Literary Excerpts

Seen One Taj, Seen Mahal

by Matt Gross

Which India would you rather see? Photos: Taj Mahal: Christopher John SSM / Flickr; Tiger: bjoern / Flickr; Circus: Bertha.SM / Flickr

We've been following Matt Gross around the world for years. As the Frugal Traveler columunist for the New York Times, his on-the-road exploits were the stuff of dreams. The man went everywhere. His recently released memoir, The Turk Who Loved Apples: And Other Tales of Losing My Way Around the World, is a charming account of what happened when he let himself wander. In this excerpt, he is in India, pondering the voyager's dilemna: Am I a traveler or a tourist?

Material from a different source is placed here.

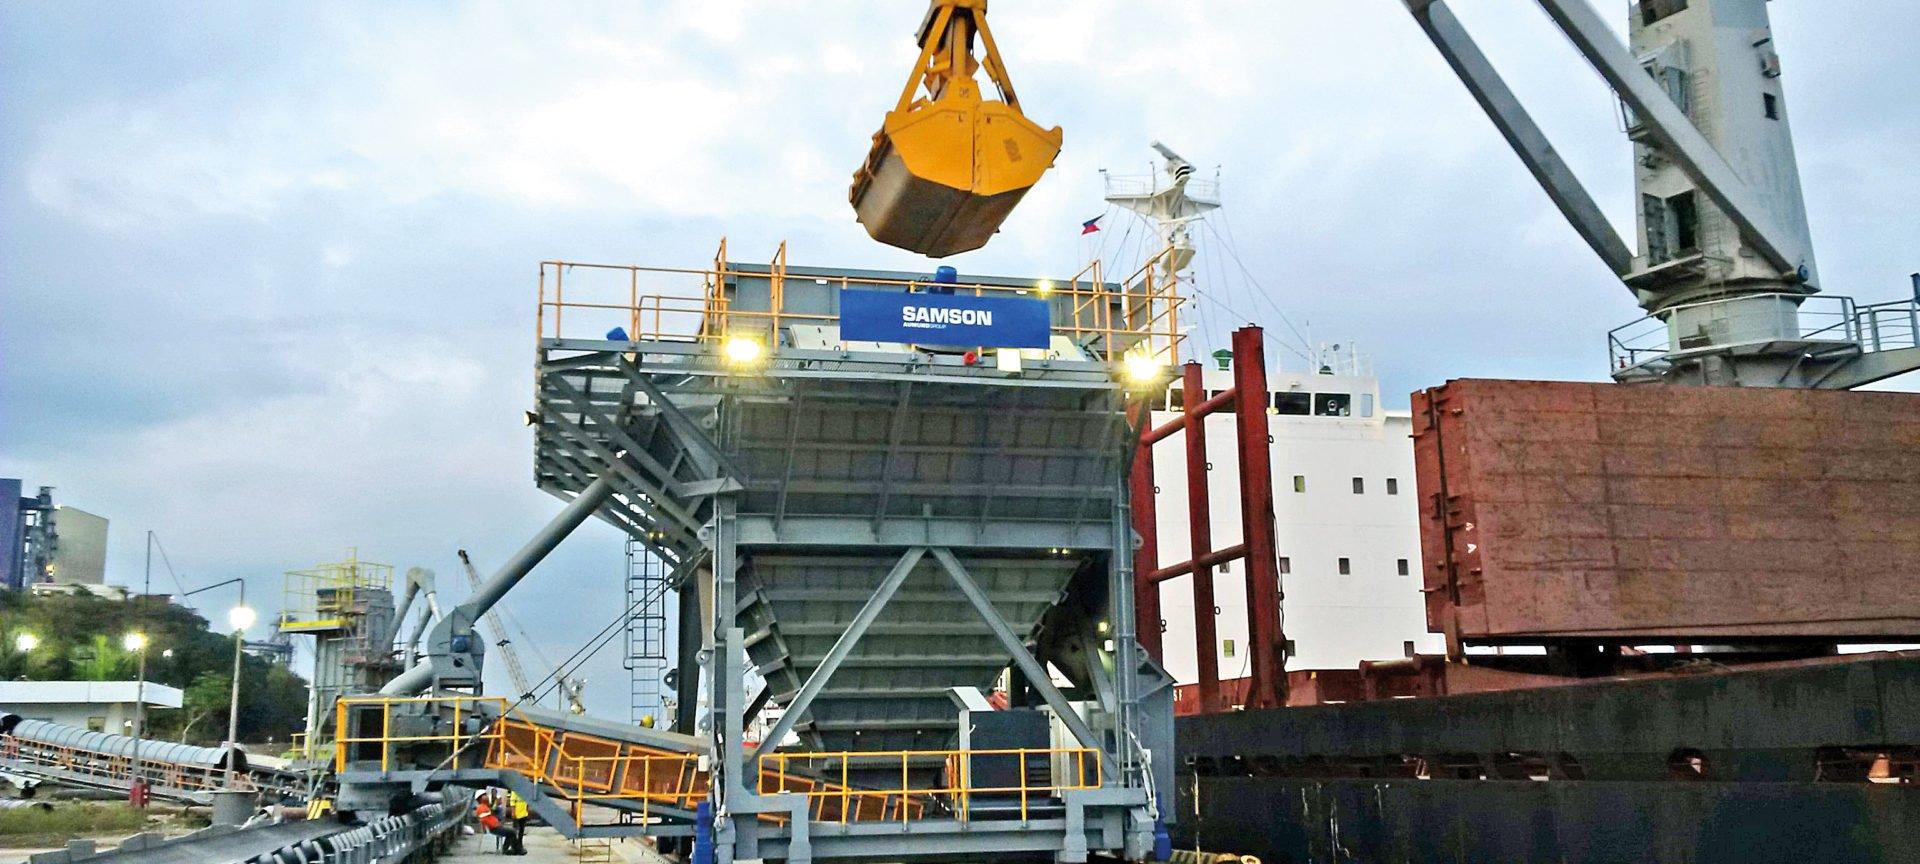 Mobile SAMSON Eco Hopper on Port

There were times, of course, when proper sightseeing was inescapable. On my first trip to India, for a wedding in 2003, my friend Sandra and I stayed in New Delhi with her friend's family, in a big house next door to the Saudi Arabian embassy. It was December, and Delhi was chilly, misty, grungy, and a bit boring, and since Sandra and I had several days to kill before the multiday wedding began, we decided to explore. Luckily — sort of — the father of our host family owned a tour company (also, the exclusive rights to import Cuban cigars). All we had to do was show up, and a trip was mapped out for us. We would drive through Rajasthan, go on a tiger safari, and finally see the Taj Mahal.

Rajasthan, the arid but colorful state southwest of Delhi, was fine. Mostly, I remember visiting a lot of forts. Impressive, old, fascinating forts. Forts that seemed to mean a lot to the guides who wanted to take us to one after another after another. But had I not gone to a single fort, I know now I would not have missed them. Even though, as I said, they were just fine.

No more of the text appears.